Neste sentido, Castelo (2002), apresenta os fatores determinantes da tomada de decisão que diferenciam os praticantes experientes dos não experientes, ou seja:

 Na repetibilidade e similaridade que os contextos situacionais ocorrem perante o praticante e a variabilidade decisional que este vai adotando ao longo do treino e da competição;

 Na quantidade de vezes que os diferentes acontecimentos são experienciados, tanto na execução dos exercícios de treino, como na competição, proporcionando um conjunto de rotinas no plano da perceção/análise; Possibilitando assim, a utilização de mais alternativas, facilitando a tomada de decisão e soluções motoras adequadas às circunstâncias específicas do contexto de cada situação;

 Numa seleção mais correta e assertiva das informações mais pertinentes, desencadeando padrões familiares de resposta motora, controlados automaticamente.

As abordagens tradicionais ofereceram um conjunto de conhecimentos relevantes sobre o processo de tomada de decisão, contudo, revelam algumas limitações que conduziram ao desenvolvimento e à formalização de abordagens alternativas sobre a tomada de decisão.

Para Abernethy e Thomas (1993), as tarefas simplistas e imaginadas, para serem executadas em laboratório, podem anular as vantagens dos peritos, uma vez que retiram à tarefa a base da experiência que lhes proporcionaria vantagem, introduzem efeitos no

processo de medida, levando os peritos a funcionar de forma diferente, uma vez que a informação que utilizada em situações normais é diferente e até mesmo ausente.

De acordo com Henriques (2008), as teorias tradicionais alusivas à tomada de decisão baseiam-se na existência de um controlo hierárquico do movimento, na presença de representações cognitivas, na independência organismo – envolvimento e a conceção que a tomada de decisão é um processo discreto e normativo. Estes pressupostos dão um enfâse exagerado nos constrangimentos organísmicos, não considerando a sua interação dinâmica com os constrangimentos da tarefa e do contexto.

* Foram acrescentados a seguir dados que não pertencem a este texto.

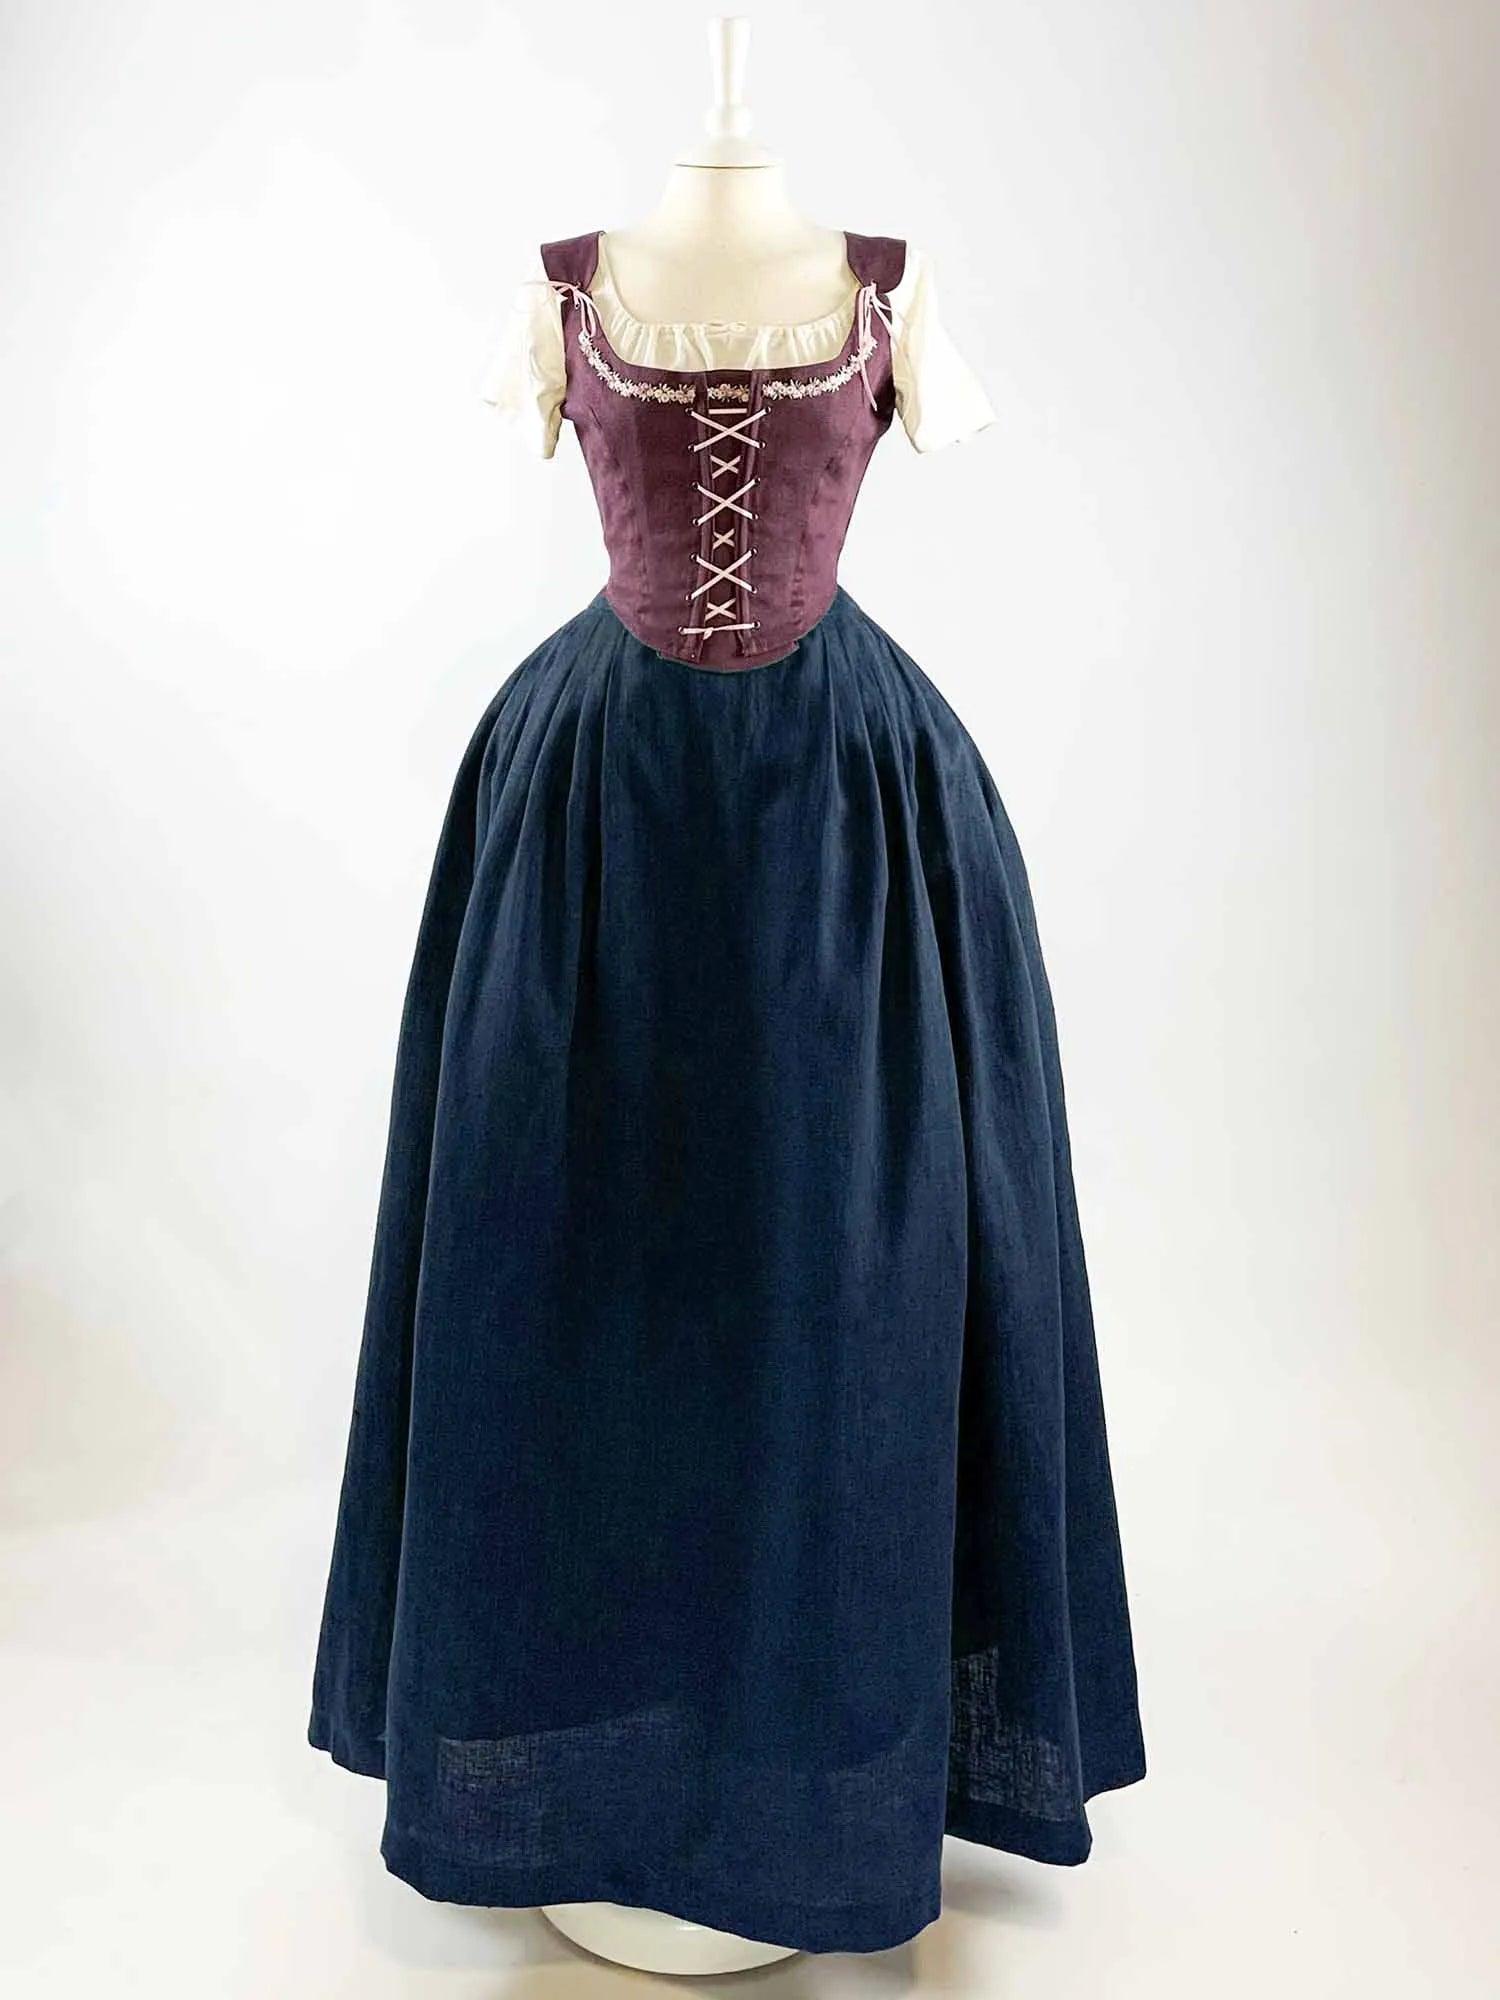 ISOLDE, Renaissance Costume in Purple &amp; Navy Blue Linen - Atelier Serraspina - Costume Renaissance en Lin Violet et Bleu marine

Parece-nos, que as teorias tradicionais explicativas da tomada de decisão são extremamente reducionistas quando analisamos o desempenho do árbitro durante um jogo. Não têm em consideração o contexto onde o árbitro está inserido, que está em constante mudança, onde os acontecimentos mudam a cada jogada; onde o próprio ambiente é alterado a cada momento (os espectadores, os jogadores e os próprios treinadores estão em silêncio, passado um minuto existe uma falta ou possibilidade de golo já se exaltam, gritam, cantam, condicionando a maneira como a arbitragem vai evoluindo e por isso as tomadas de decisão do árbitro).